この本はChapterが1から30まであるので、各チャプター毎に1記事書いていきます。
Chapter 21 「OSを守ろう」
今回やった内容
- 文字列表示API完成
- Cでアプリケーションを書けるように
- 例外
環境
- メインPC
- MacBook Pro (13-inch, 2017, Four Thunderbolt 3 Ports)
- macOS Mojave 10.14
- 自作OSを動作させる環境
作業記録
文字列表示API完成
文字列表示APIを完成させます。原因はコードセグメントの設定をしていなかったことで正しいメモリ番地を指定できなかったことにあるので、OS側でちゃんと設定してあげます。
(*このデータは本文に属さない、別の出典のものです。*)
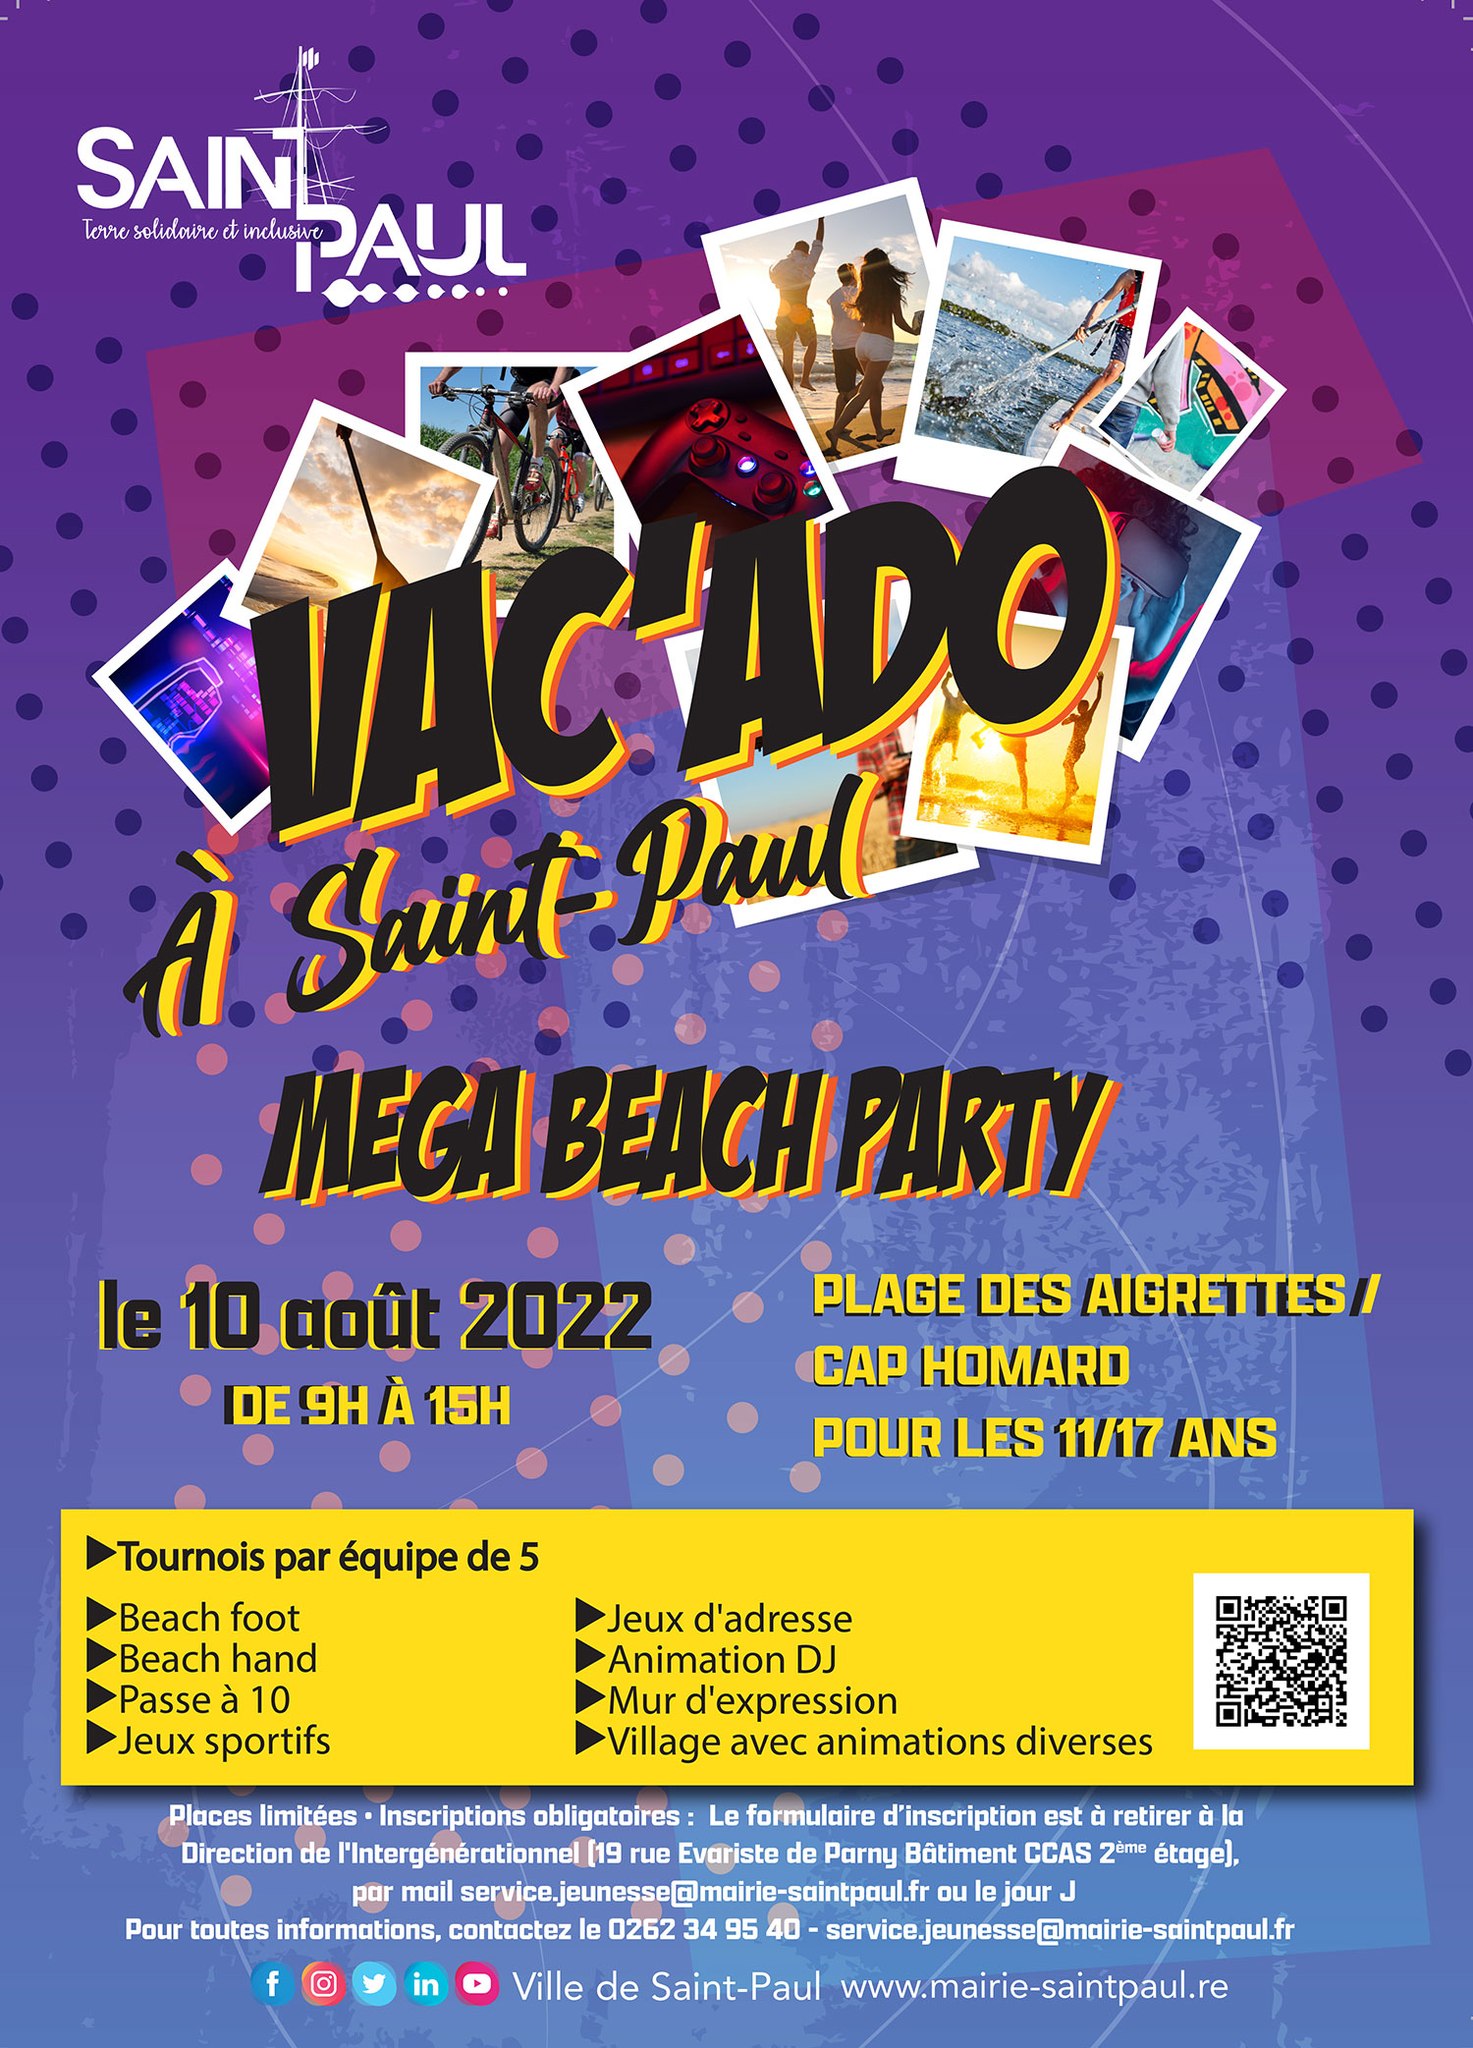 Saint-Paul organise une Méga Beach Party
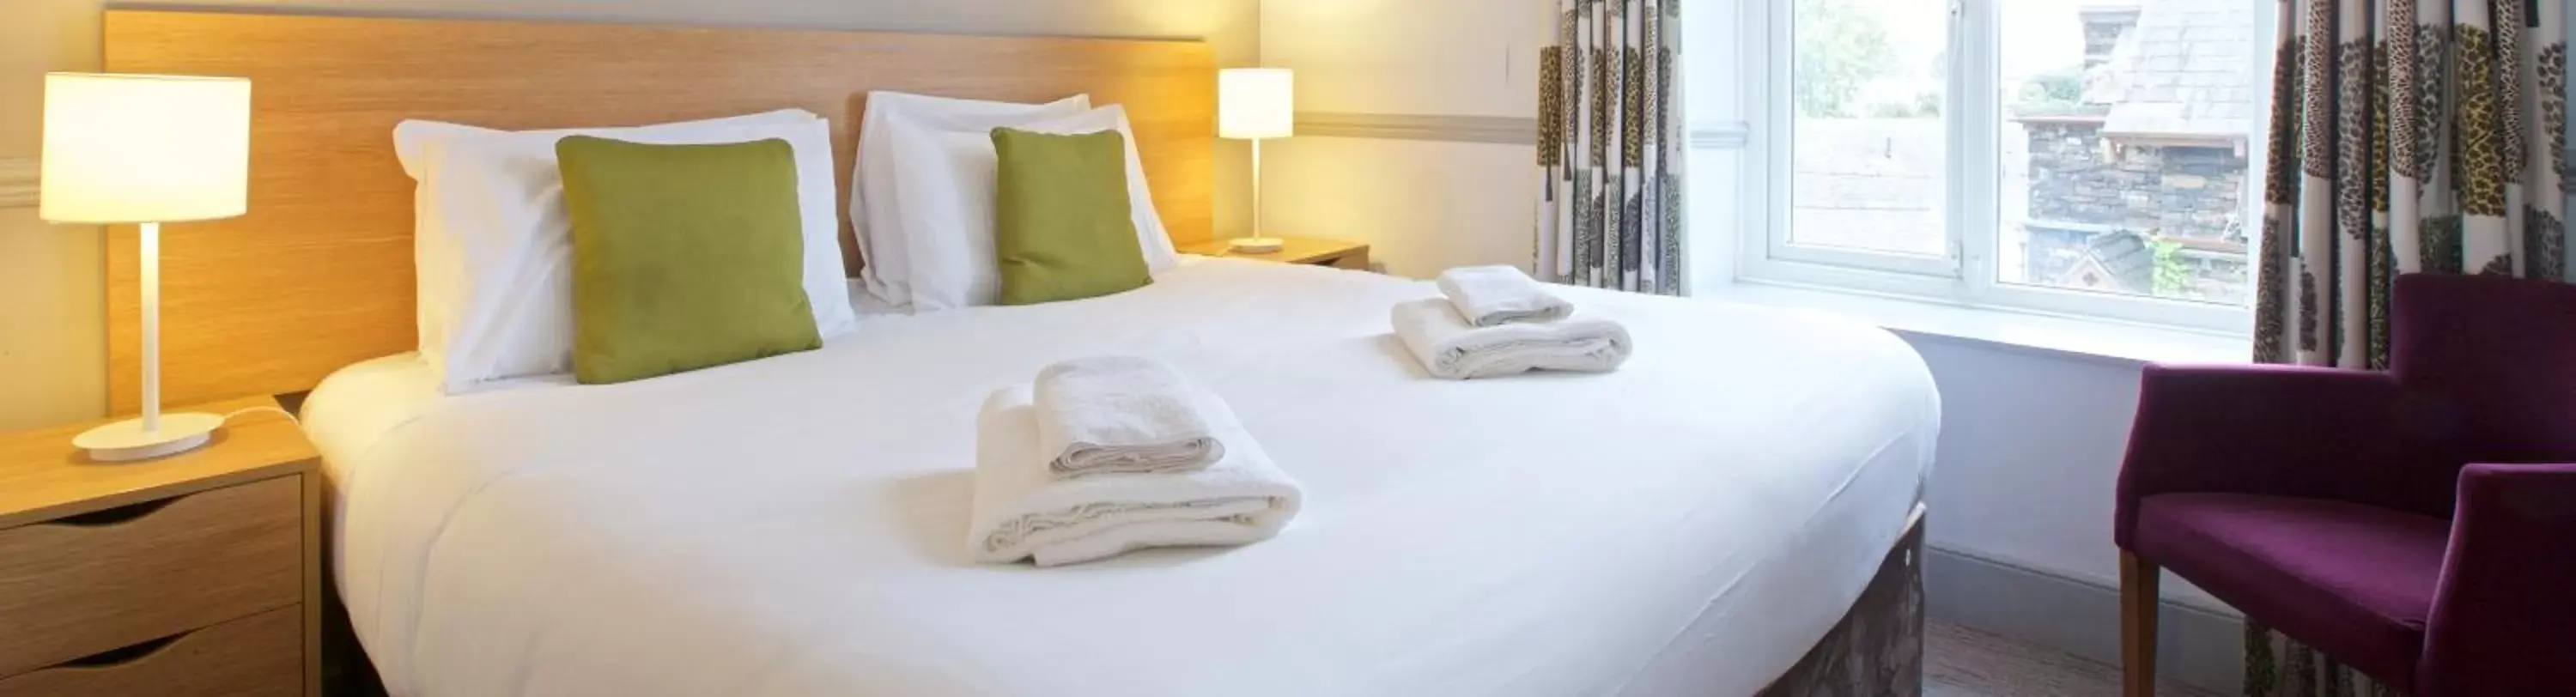 Bed in The Derwentwater Hotel
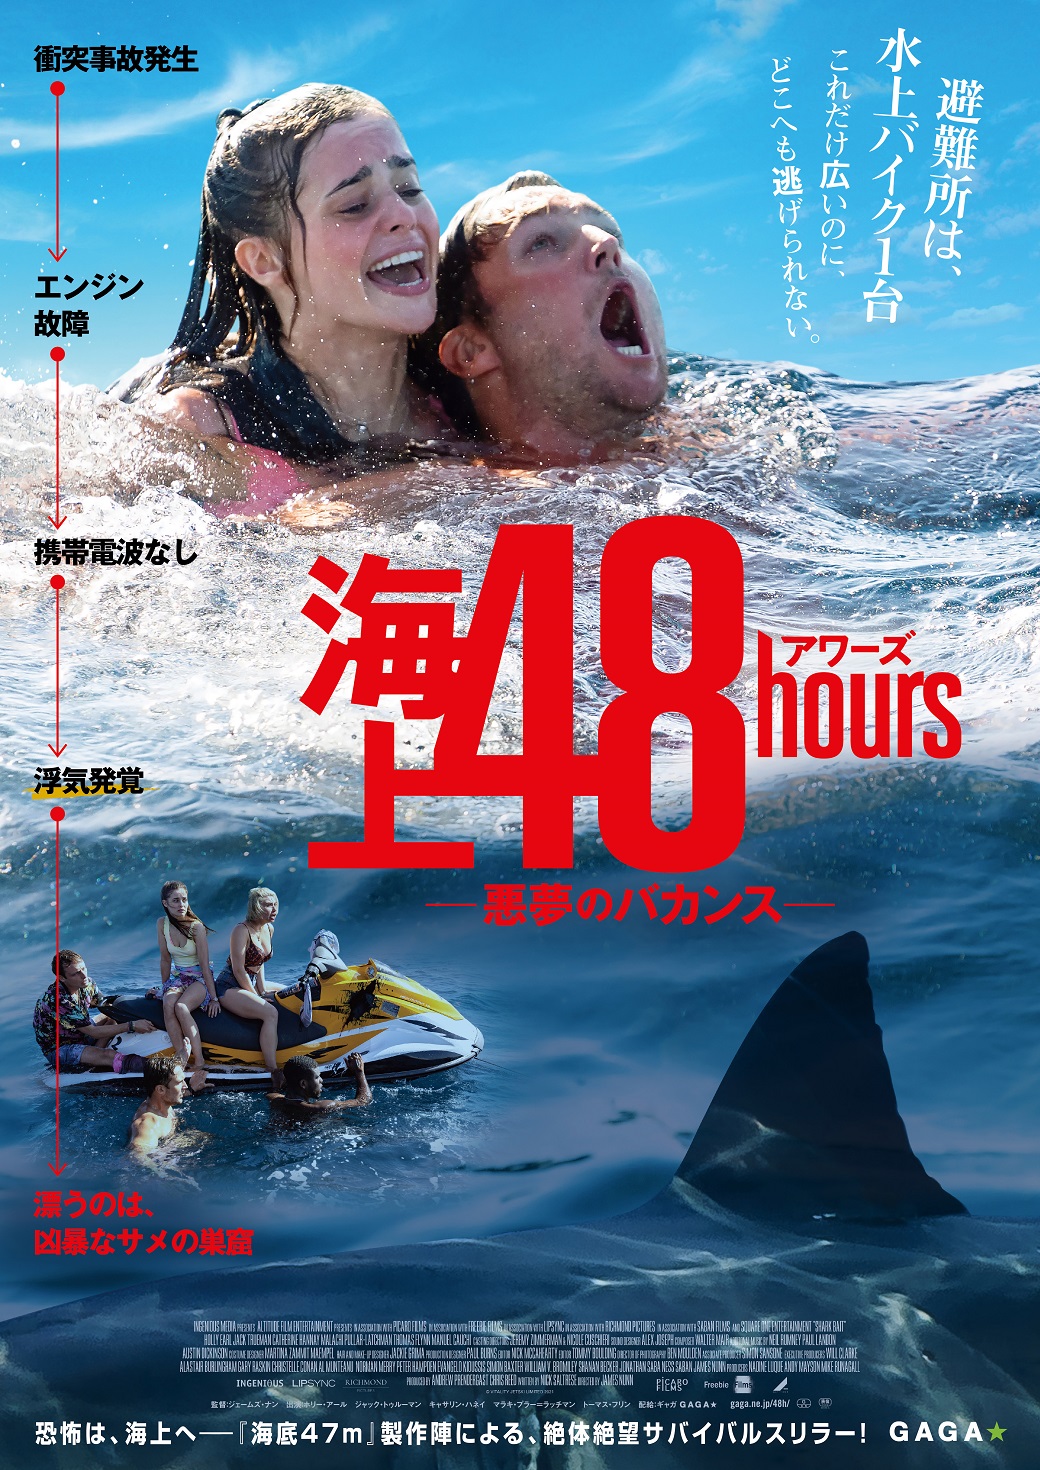 パリピ大学生 サメ地獄へ直行 海上48hours 悪夢のバカンス は精神をすり減らされるスリラー 映画 Banger
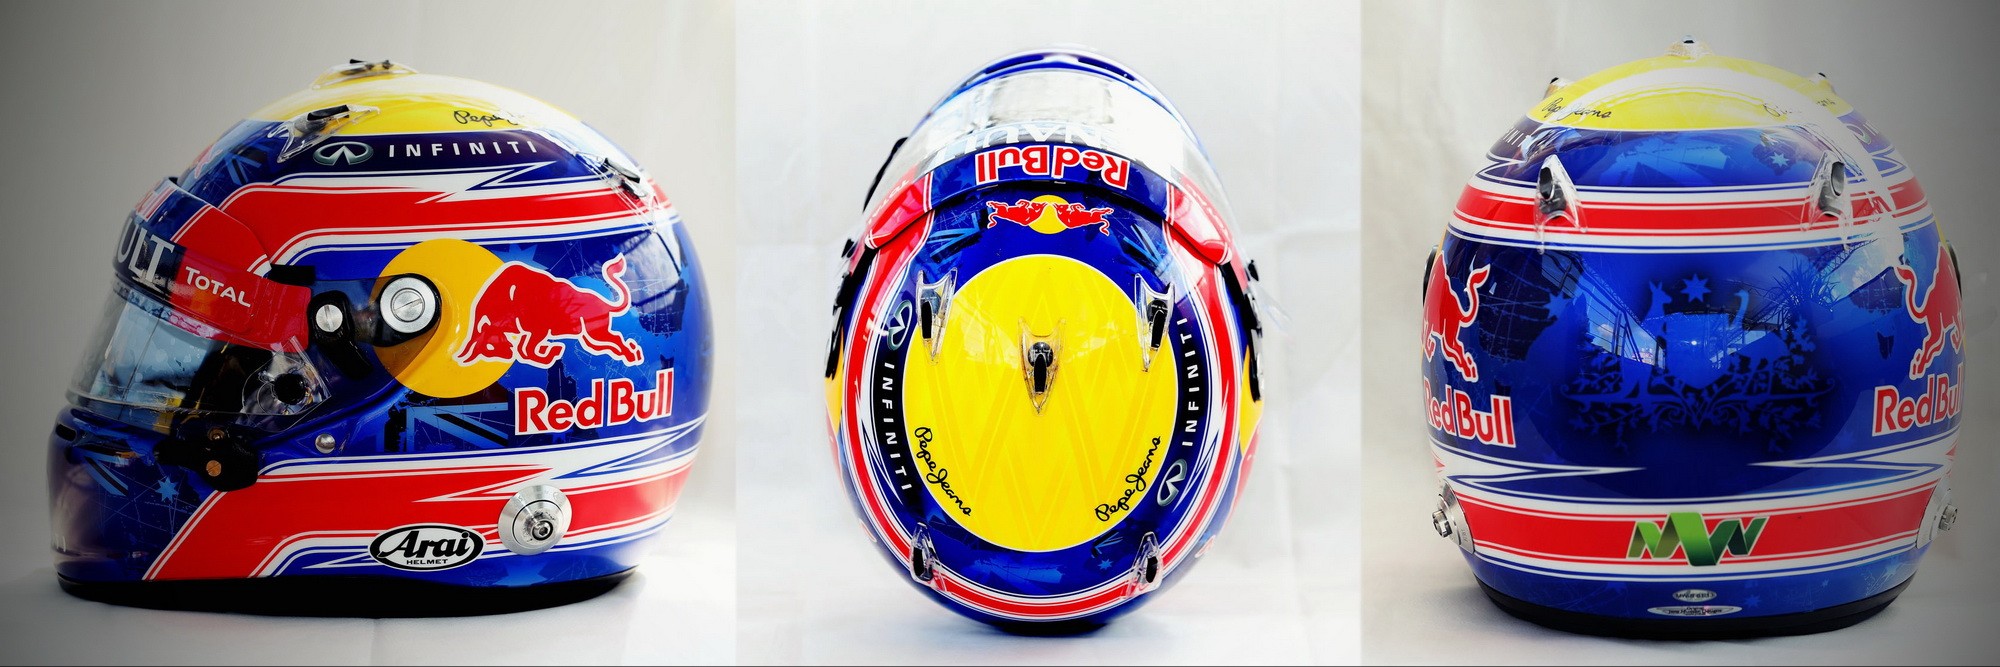 Шлем Марка Уэббера на сезон 2013 года | 2013 helmet of Mark Webber

/* console.c */ // アプリケーション読み込み char *exec_addr = (char *) memman_alloc_4k(memman, file_info->size); read_fat(fat, (unsigned char *) (ADR_DISKIMG + 0x000200)); load_file(file_info->clustno, file_info->size, exec_addr, fat, (char *) (ADR_DISKIMG + 0x003e00)); // コードセグメントを保存しておく *((int *) 0xfe8) = (int) exec_addr;
実行部分からAPIへデータを直で渡す方法はないのでメモリ上に置いておきます。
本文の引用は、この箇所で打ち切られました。